Your goal » Under this line sits a listing. Repeat exactly and only its lines from the one holding "Diarienummer Senast reviderad" through the one holding "Vomacur 70 mg Zäpfchen (10 Stk)"; skip pictures.

Data to process »
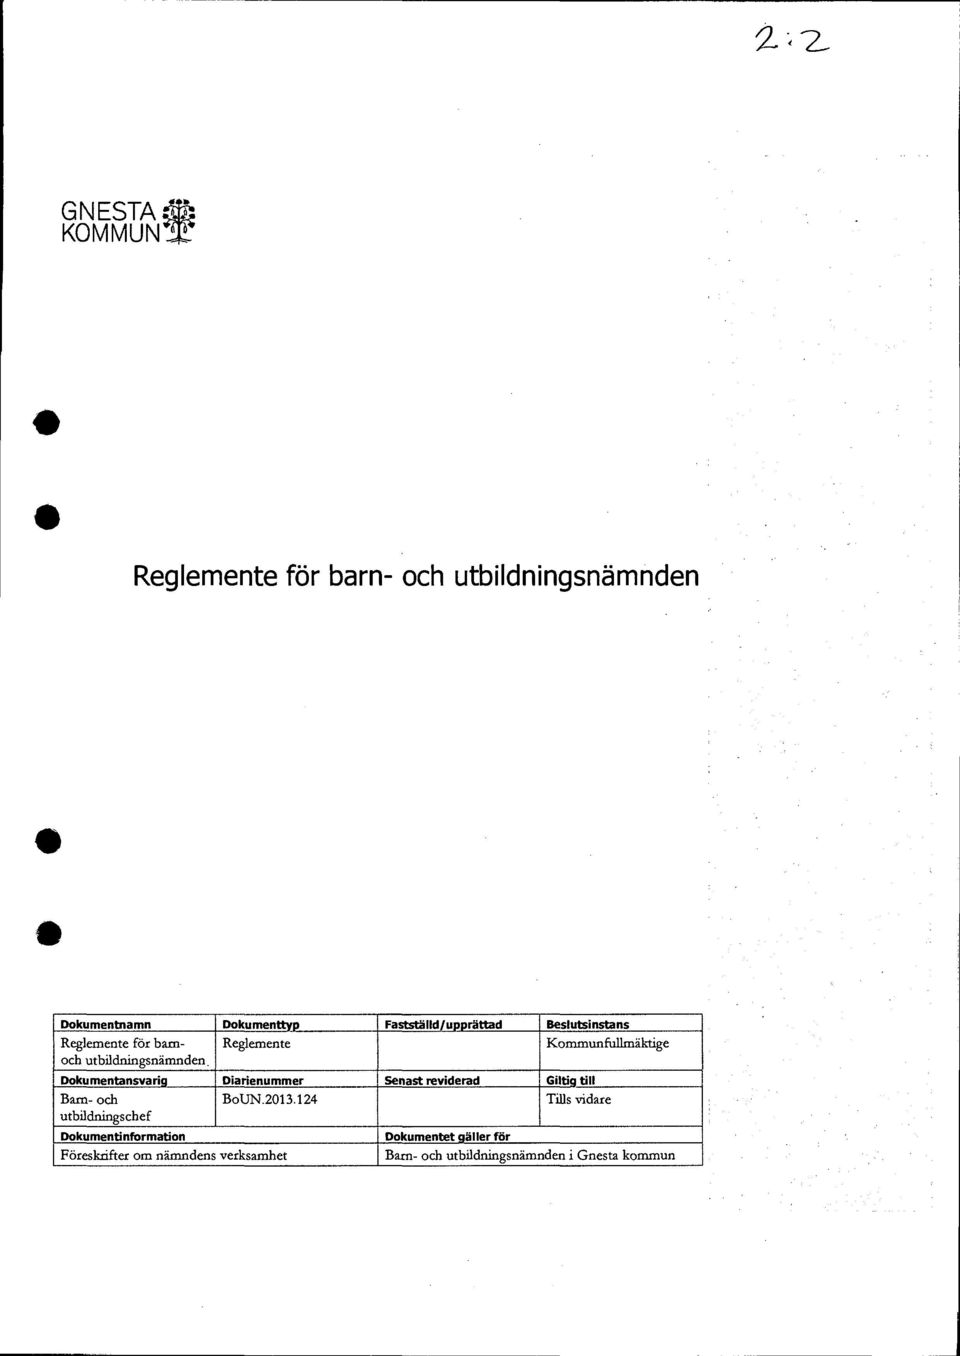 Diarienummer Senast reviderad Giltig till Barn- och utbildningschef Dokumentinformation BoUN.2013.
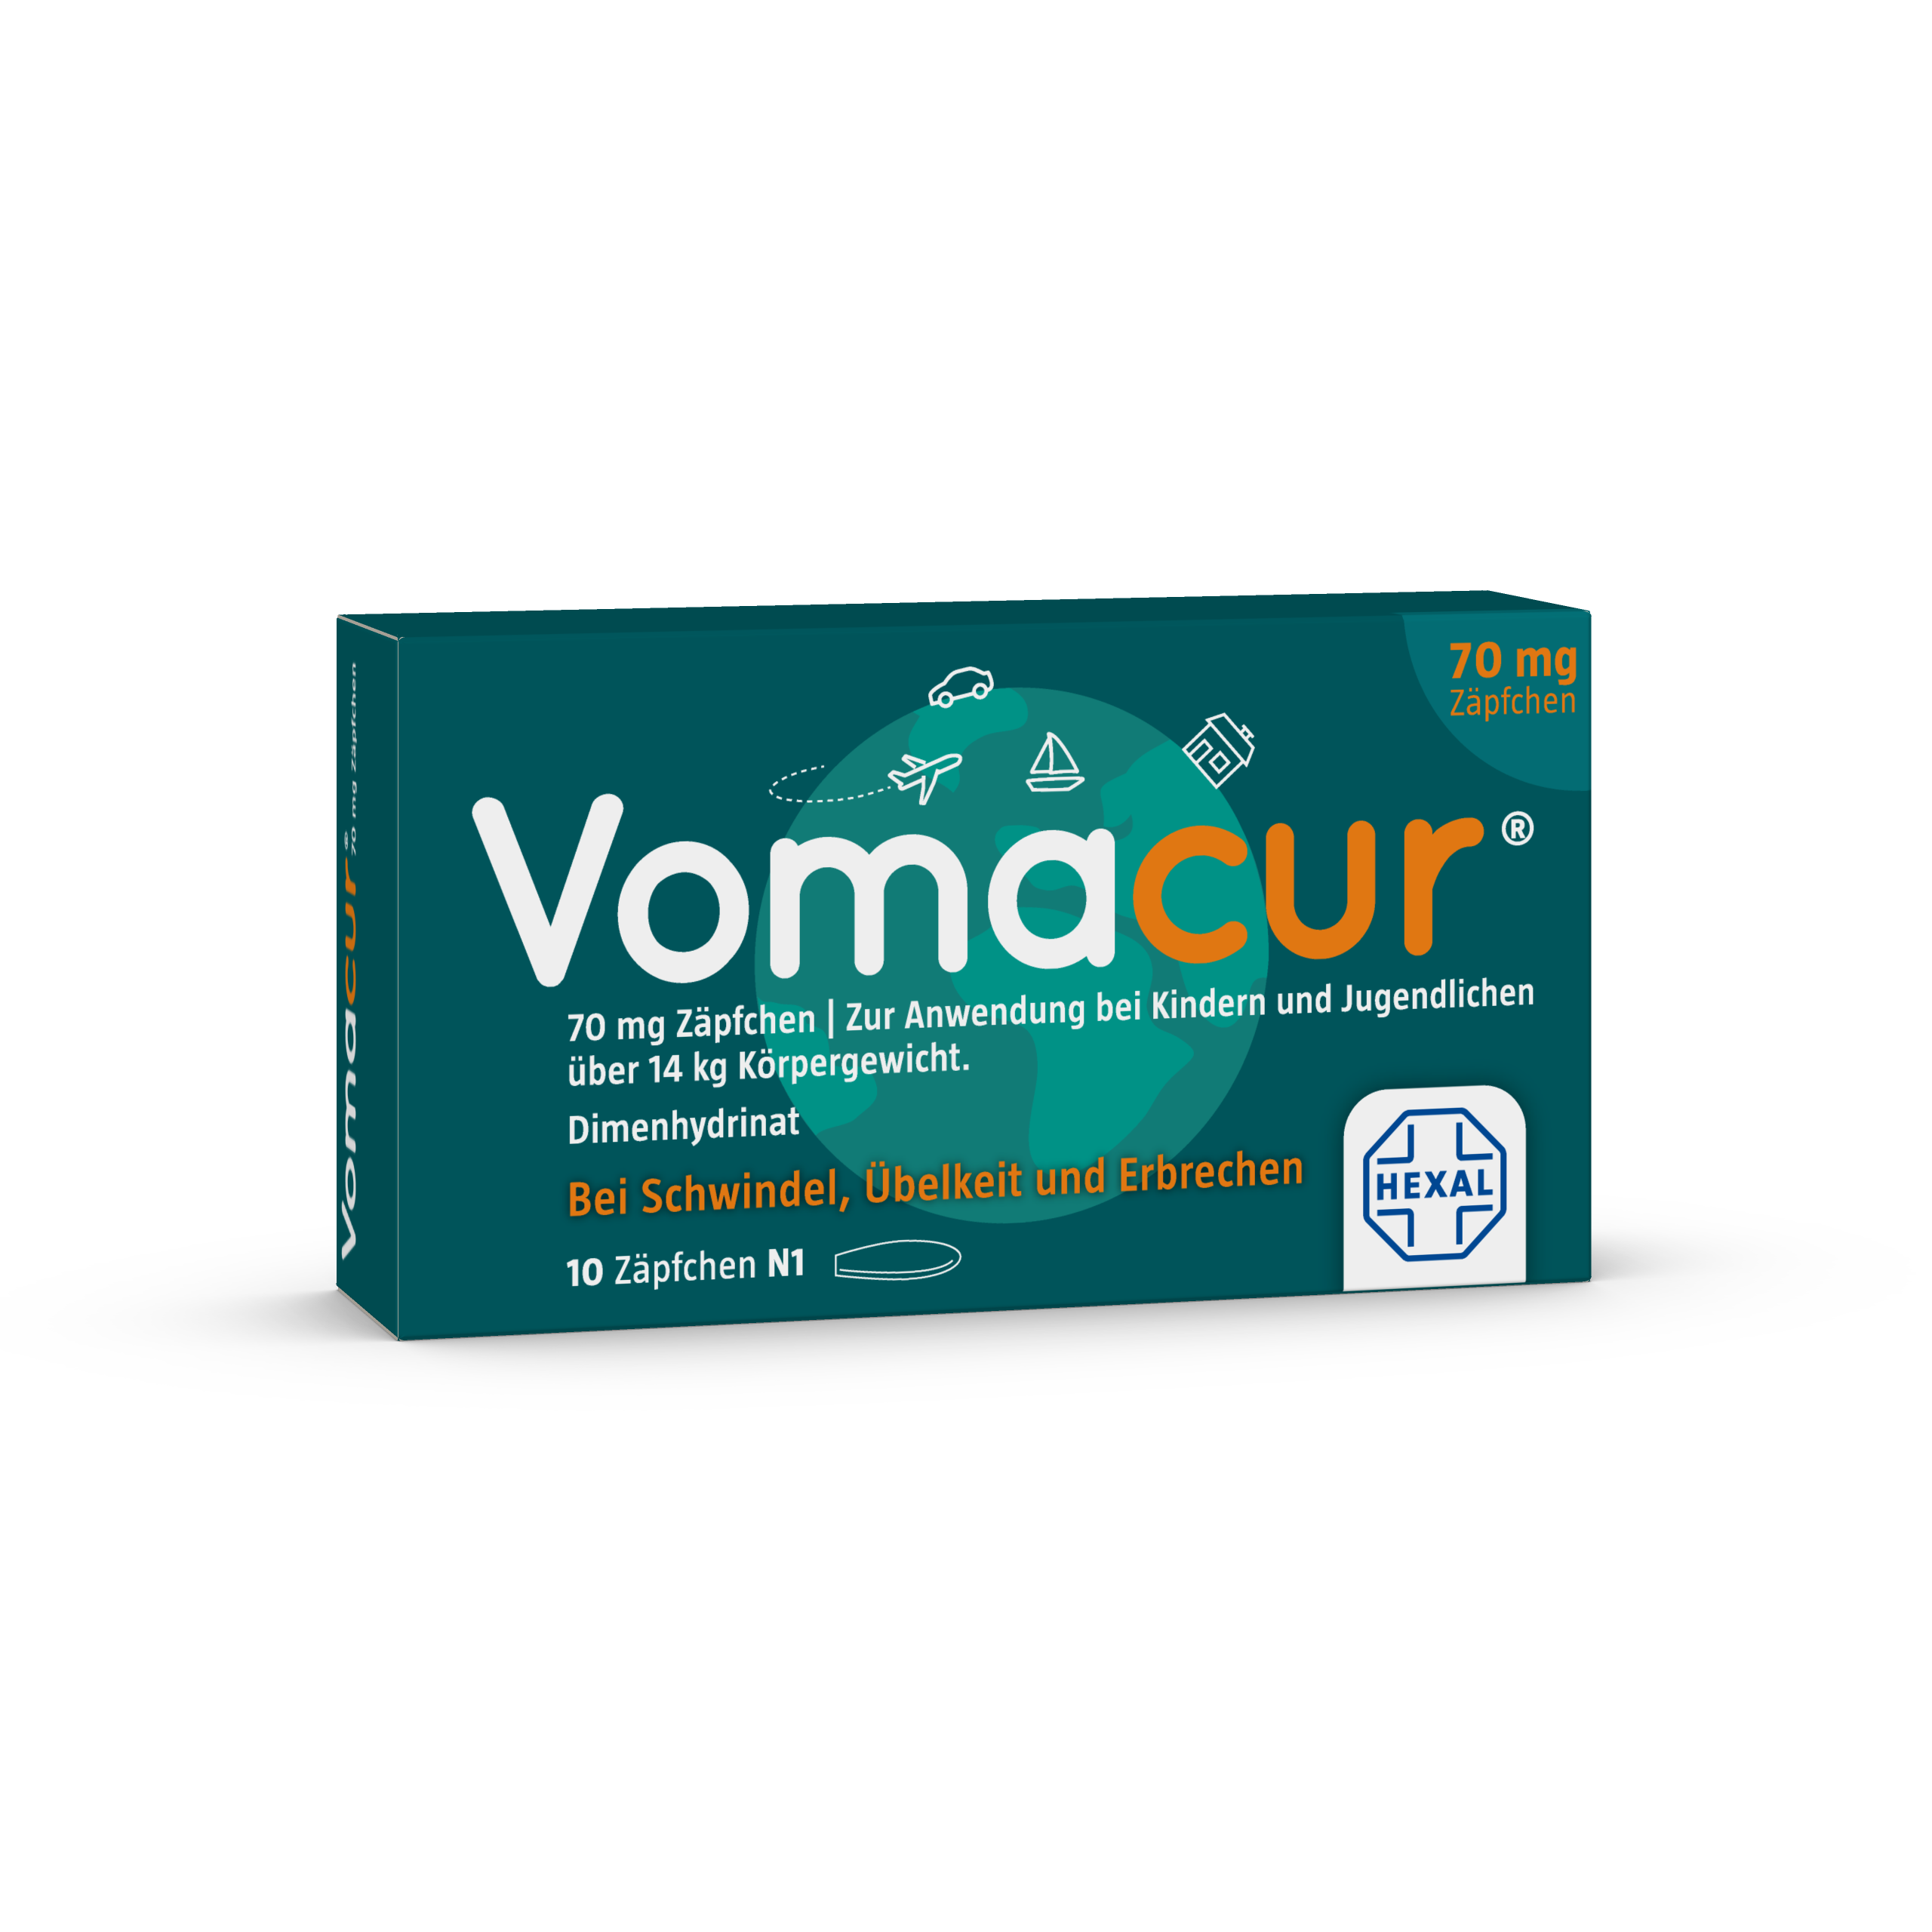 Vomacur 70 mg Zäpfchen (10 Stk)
--
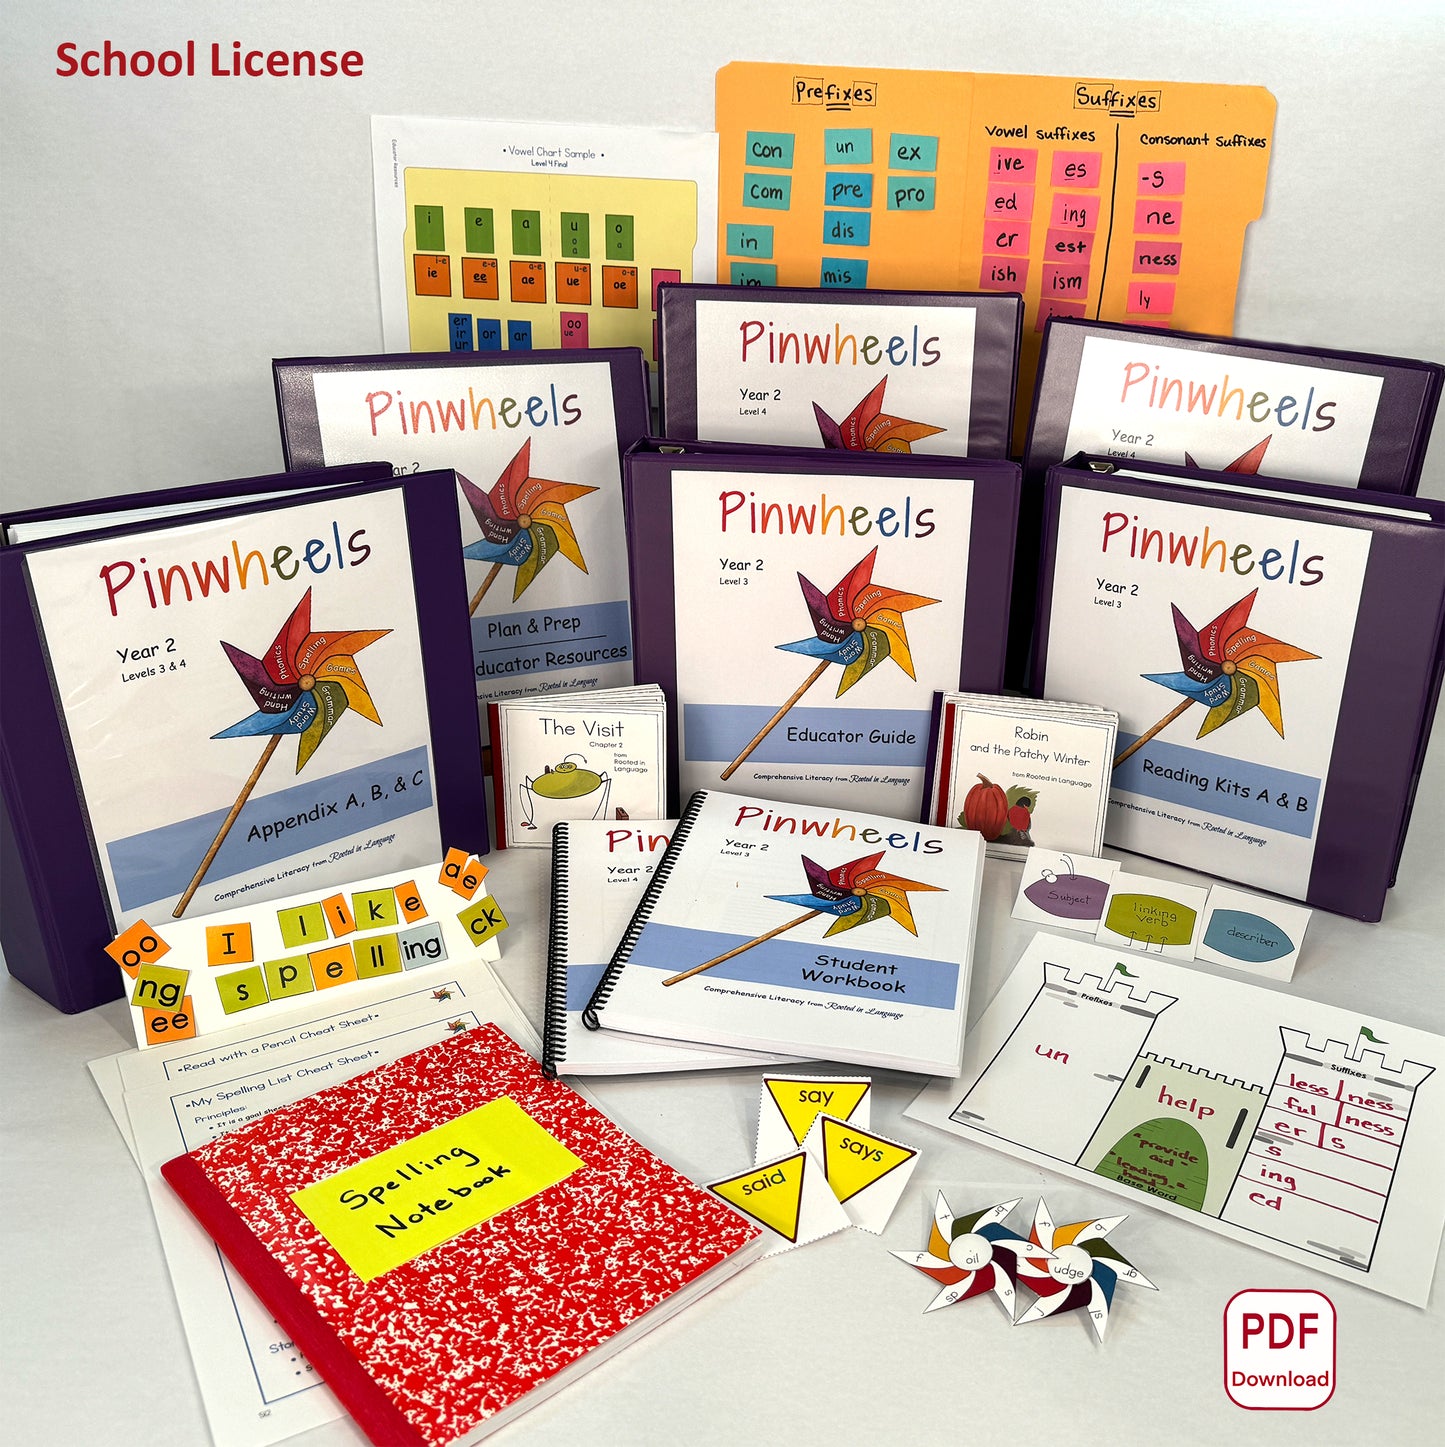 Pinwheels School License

Task result »
 Diarienummer Senast reviderad Giltig till Barn- och utbildningschef Dokumentinformation BoUN.2013.
 Vomacur 70 mg Zäpfchen (10 Stk)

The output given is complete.